Segment Start: Given data

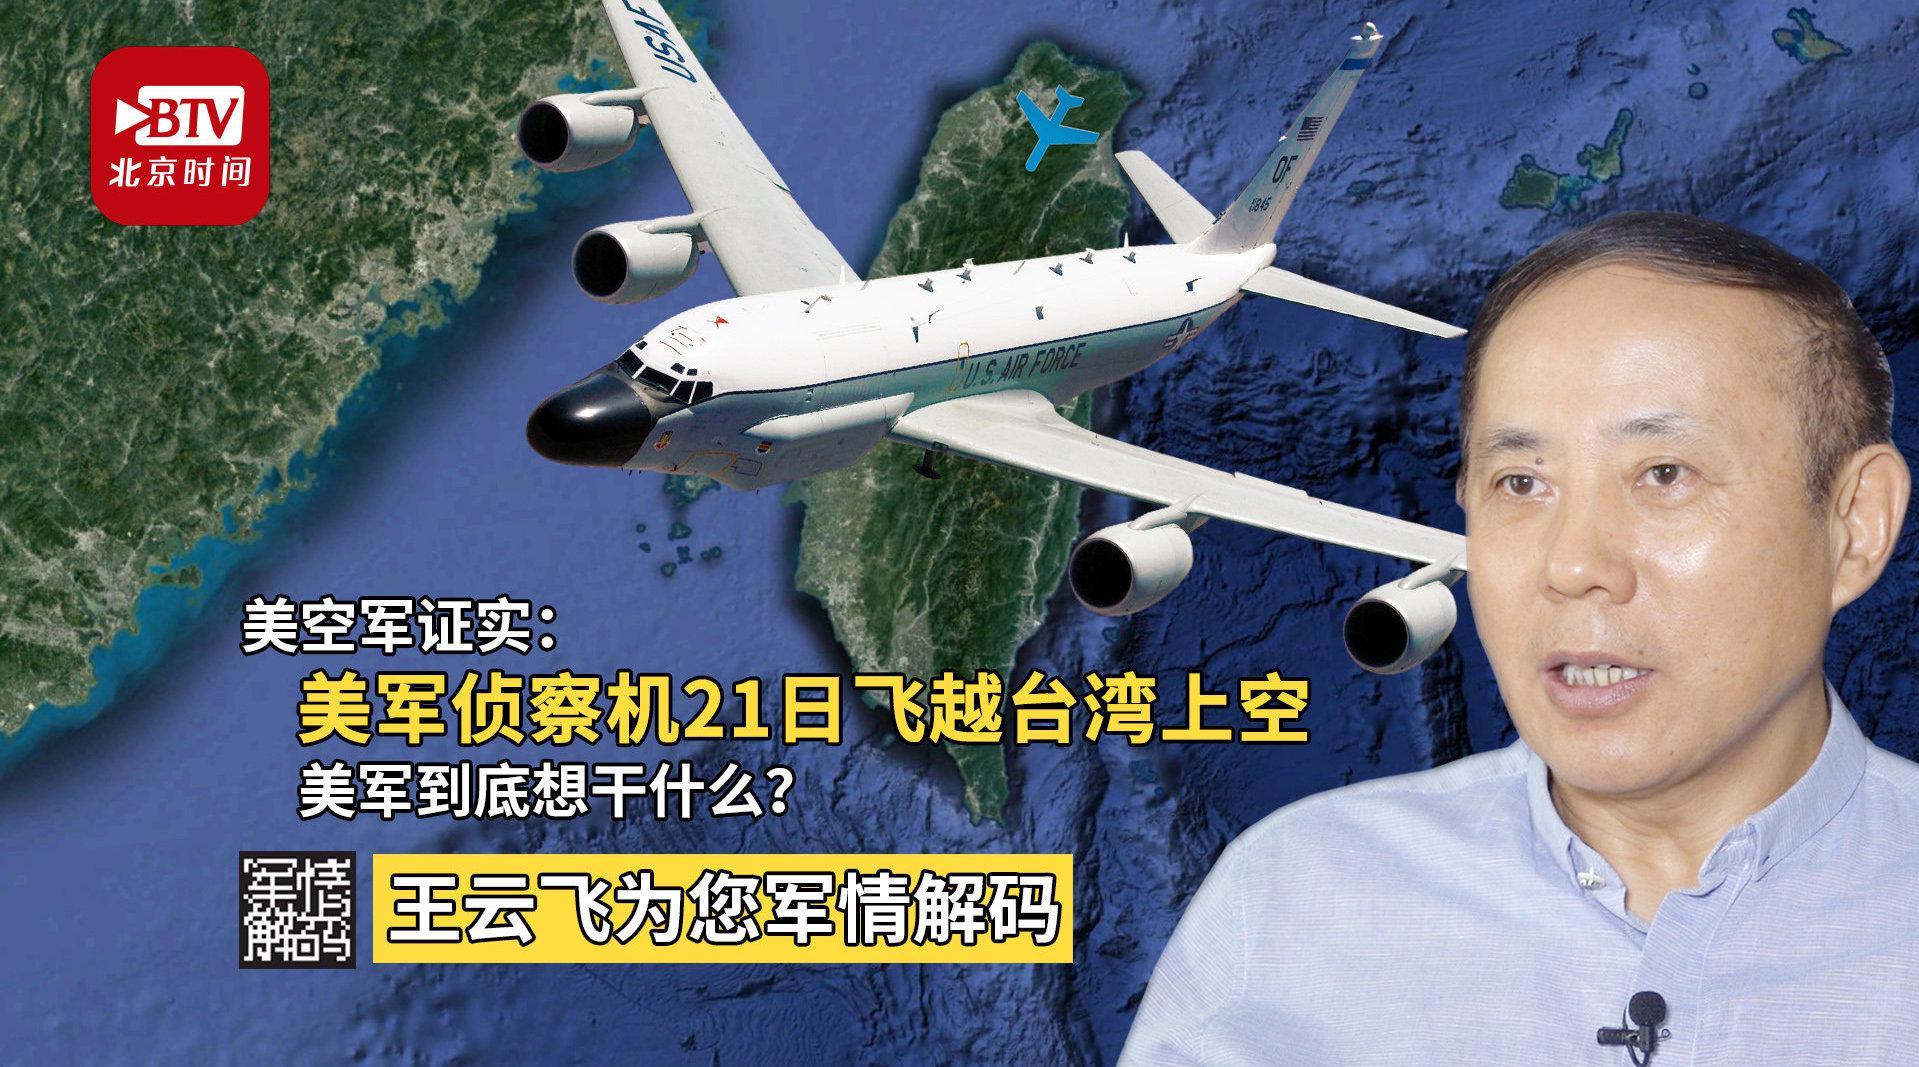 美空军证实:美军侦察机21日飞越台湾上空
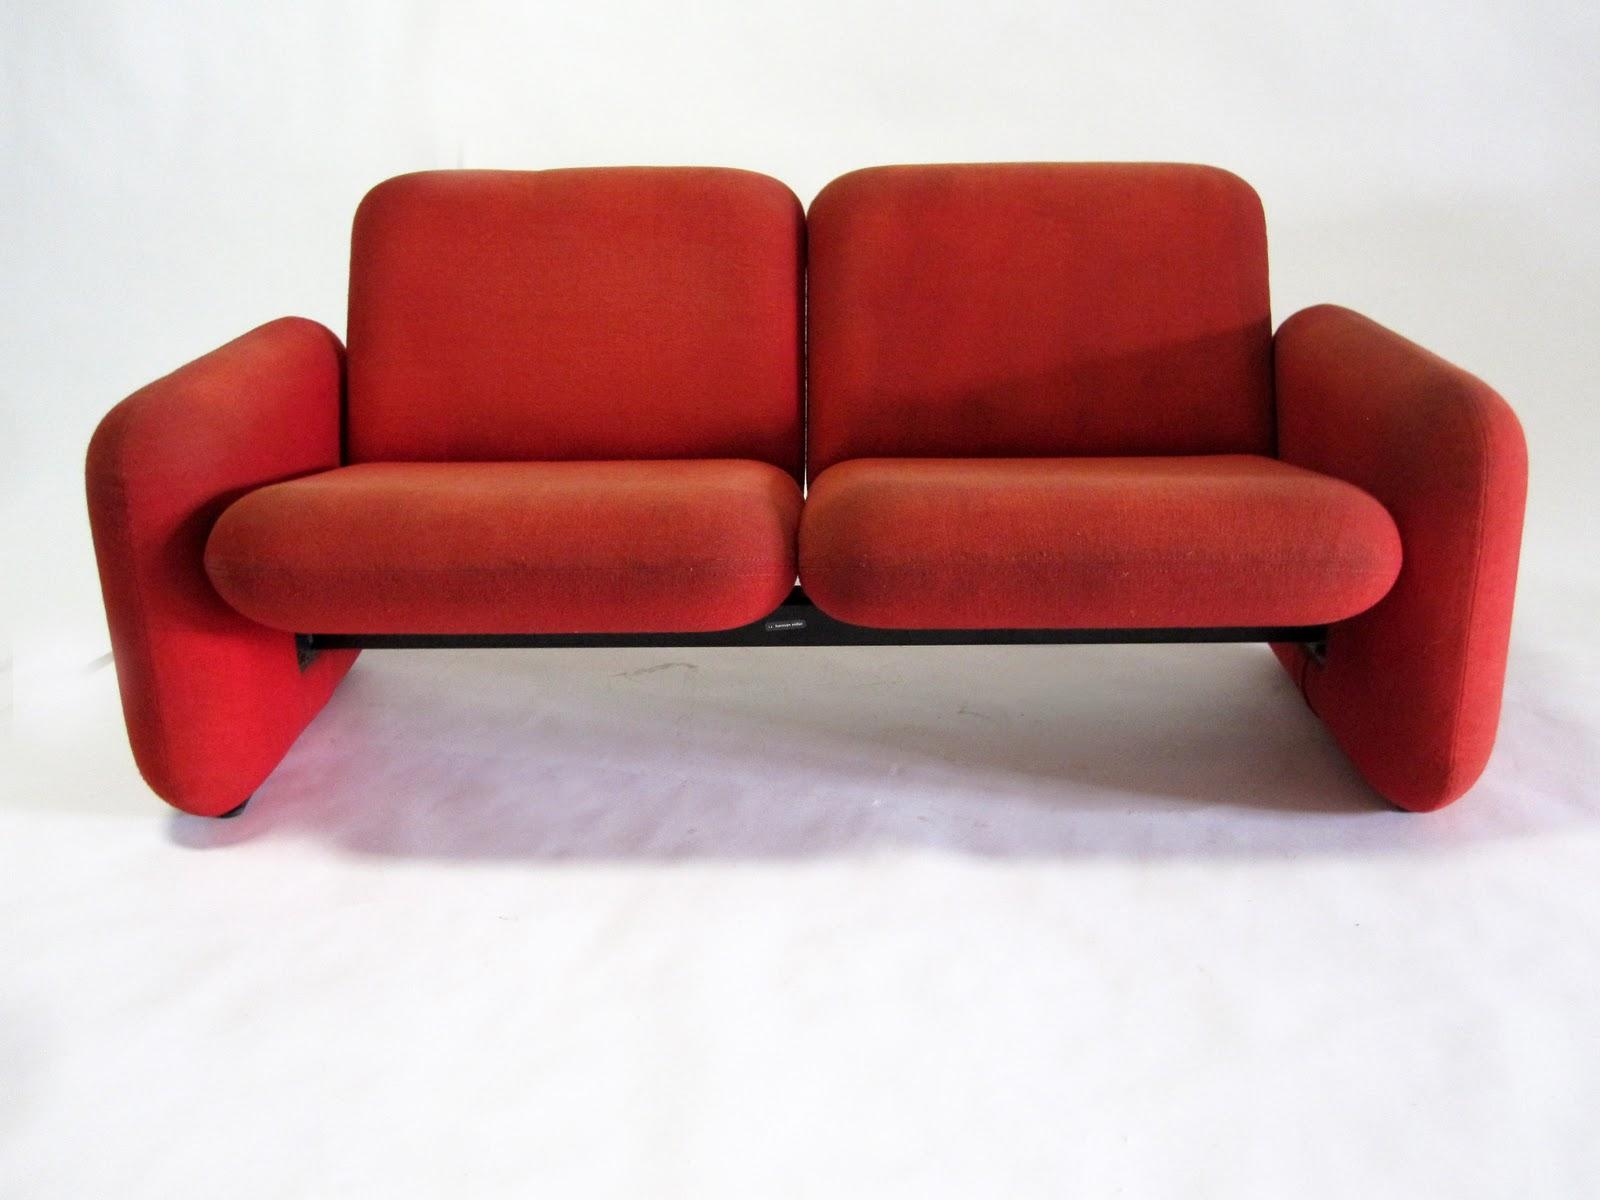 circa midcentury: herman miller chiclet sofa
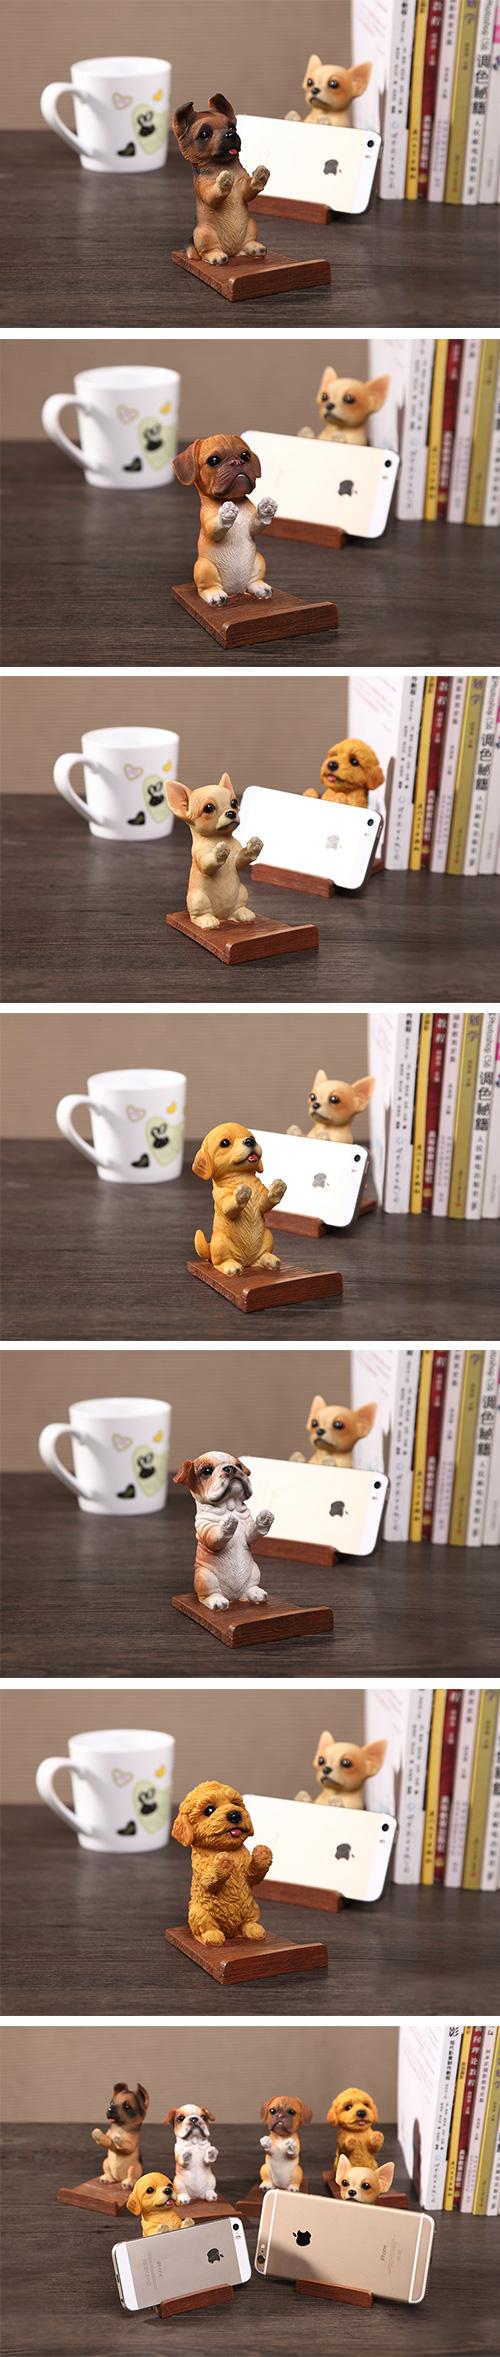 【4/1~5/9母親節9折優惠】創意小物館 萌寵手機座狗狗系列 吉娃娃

Segment End: Given data

## Work instructions
In the copy you return, include exactly the lines from the one containing "circa midcentury: herman miller chiclet sofa" through the final line of the listing, and no pictures.

## Answer space
 circa midcentury: herman miller chiclet sofa
 【4/1~5/9母親節9折優惠】創意小物館 萌寵手機座狗狗系列 吉娃娃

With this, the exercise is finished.